Chief Copy-Editor: Natalie Cappetta

News Editor: Ericka Montes

New Taxes Puts More Burden on California Workers

On Wednesday, April 1st, the new temporary California sales tax increase officially took effect across the state as part of California’s new tax –and-spend state budget.  The one percent increase is due to expire on either July 1, 2011, or July 1, 2012, depending on the outcome of a statewide vote on May 19, 2009 on Proposition 1A, the Budget Stabilization Act.  The increase raised the rate from a minimum of 7.25% to at least 8.25% statewide.

If the proposition is approved, many of the tax increases passed in the Feb. 2009 budget package would be extended by one to two years.  Also, state tax revenues would increase by about $16 billion from 2010-11 through 2012-13, according to the Proposition 1A proposal.

The tax increase that recently went into effect is the largest one-time tax increase in the state’s history.  The increase will take between $1-2 thousand more per year from California families who are already struggling with everything from keeping up with car payments to putting food on the table.

Instead of repenting from overspending and government waste, 75 Democrats and 6 Republicans in the state legislature, along with Governor Schwarzenegger, voted to empty out the already thin pockets of Californians.  Once again, state bureaucrats have dug a hole and California citizens are being forced to fill it.

The increase will raise the rate higher than 8.25% in some California counties, according to the Los Angeles Times.  City and county level tax increases are added on to the one percent increase.  For some Californians the sales tax has been pushed over nine percent, and in Pico Rivera, CA and South Gate, CA, people began paying a 10.25% sales tax on April 1st.  The argument is that these people in cities with higher taxes can afford to pay them.  According to citytowninfo.com, Pico Rivera, CA is in the lower half of both cities in the nation and in California in terms of people at middle class or better.  In South Gate, CA, the person above the poverty rate is below 25%, as well as the number of people who are considered middle class or better.

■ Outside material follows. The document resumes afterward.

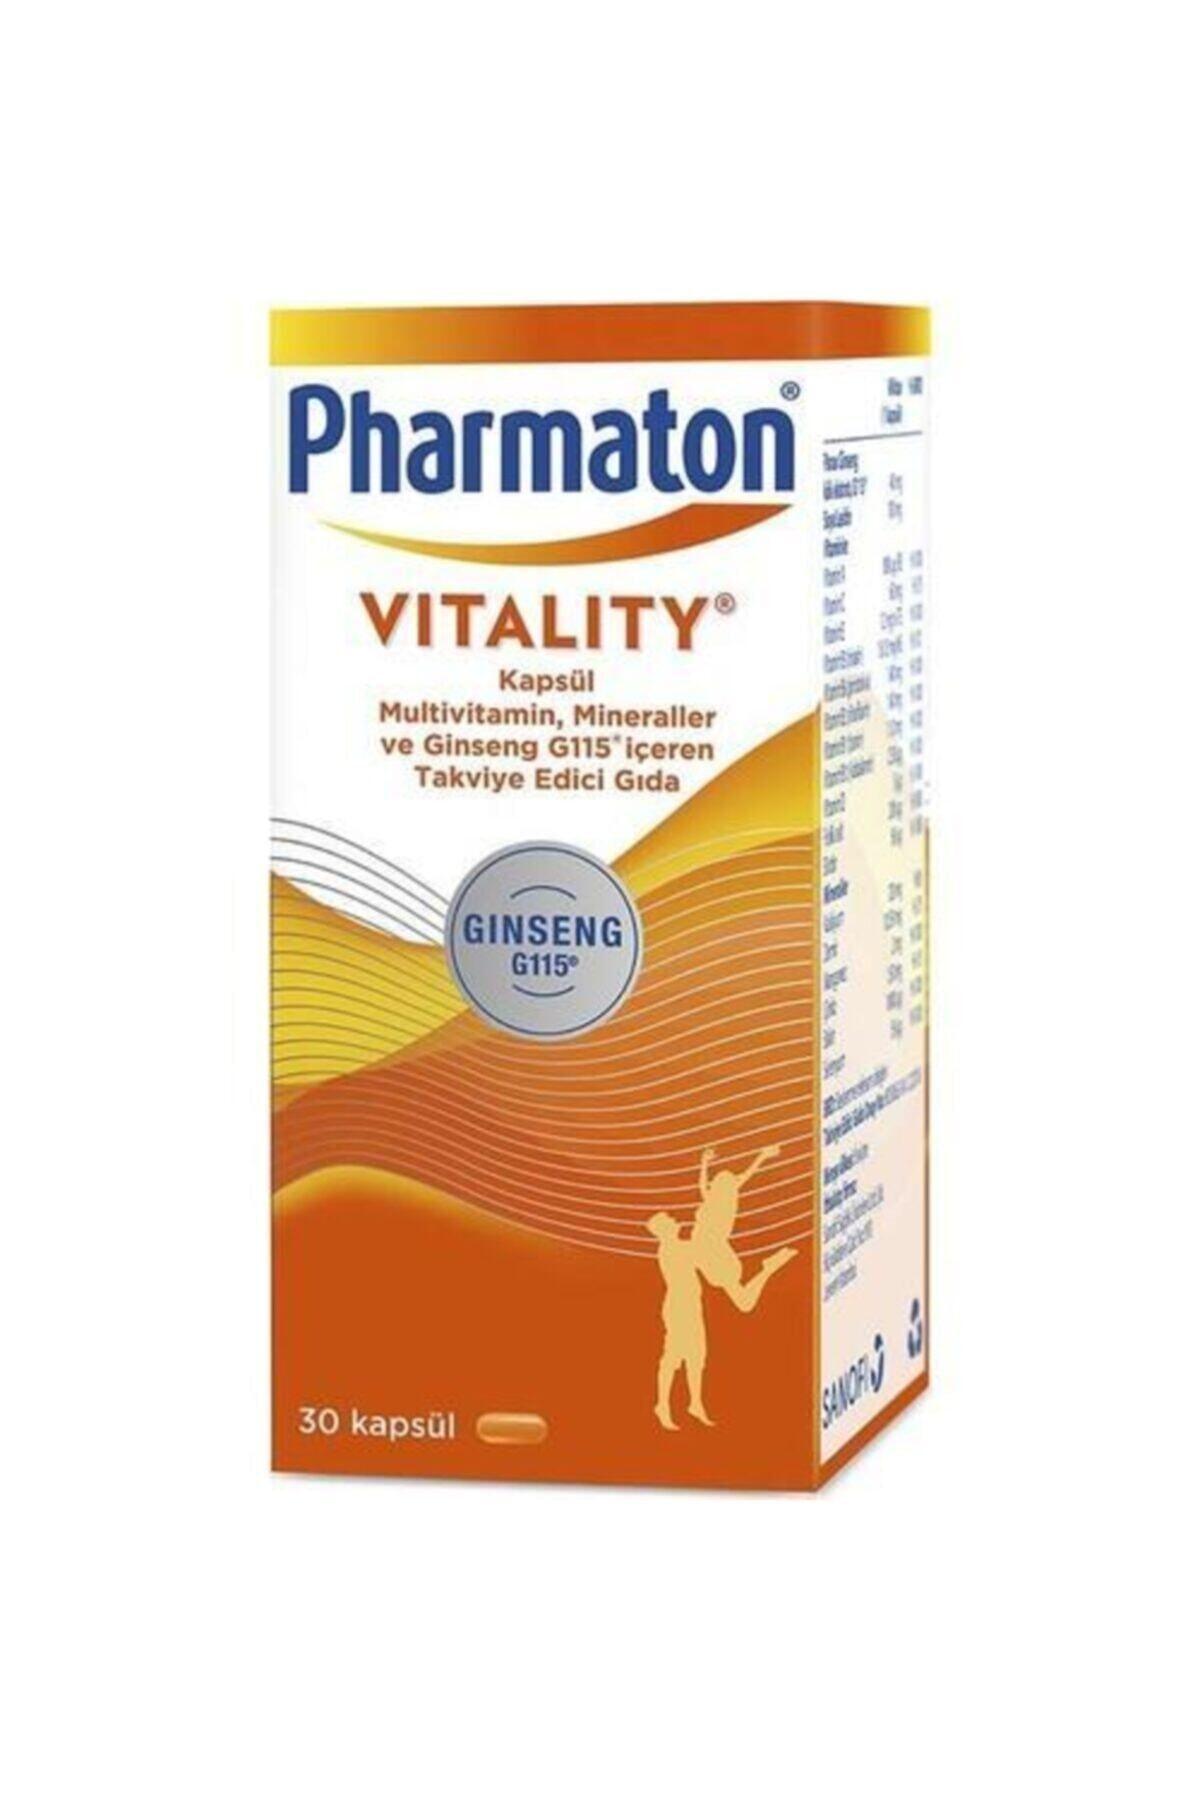 Pharmaton Vitality Multivitamin Mineraller ve Ginseng G115 İçeren Takviye Edici Gıda 30 Kapsül 1

There is no better example a city being pinched by the tax increase than Oakland, CA, where people above the poverty line is in the lower 25% compared to both state and national cities, and the city’s sales tax is the third highest in the state, but possibly not for long.  According to SFGate.com, there is a proposal to raise Oakland’s sales tax to between 10-10.25 percent, equaling the state’s highest sales tax.

Our “No new taxes” Governor has now presided over a record breaking tax hike in order to avoid defaulting on the state budget, which would have been catastrophic for our great state.  Running out of time and faced with making either a catastrophic or damaging decision, the legislature chose the damaging one.

Make no mistake, the tax increase is severely damaging.  Thousands of Californians are facing foreclosure each week.  One in ten Californians is unemployed.  While the federal government is cutting taxes and dishing money out to states, California is offsetting the help by making it difficult for people to make daily purchases.

The best to deal with an economic crisis is not taxing the people you depend on to revive the economy.  The Foghorn does not support the increase in sales tax.  All of the tax hikes in the two-year plan fall on the shoulders of California workers.  When they passed the budget, Gov. Schwarzenegger and the California legislature said everyone had to give a little to solve the state’s financial problems, but apparently that doesn’t apply to big California businesses.  The state budget has a plethora of corporate tax breaks and credits that would save businesses hundreds of mullions of dollars but would cost the California Treasury at least $2.5 billion over a five-year period.

The plan runs counter to the Obama Administration’s plan to give tax cuts to low and middle income Americans.  California law-makers are asking voters to approve five budget-related measures during a special election in May, including one that would implement a state spending cap in exchange for extending tax increase for one or two years.  The Foghorn does not support any of the five proposed measures in May, nor do we support any proposal in tax increase until the tax burden is more evenly distributed among workers and businesses.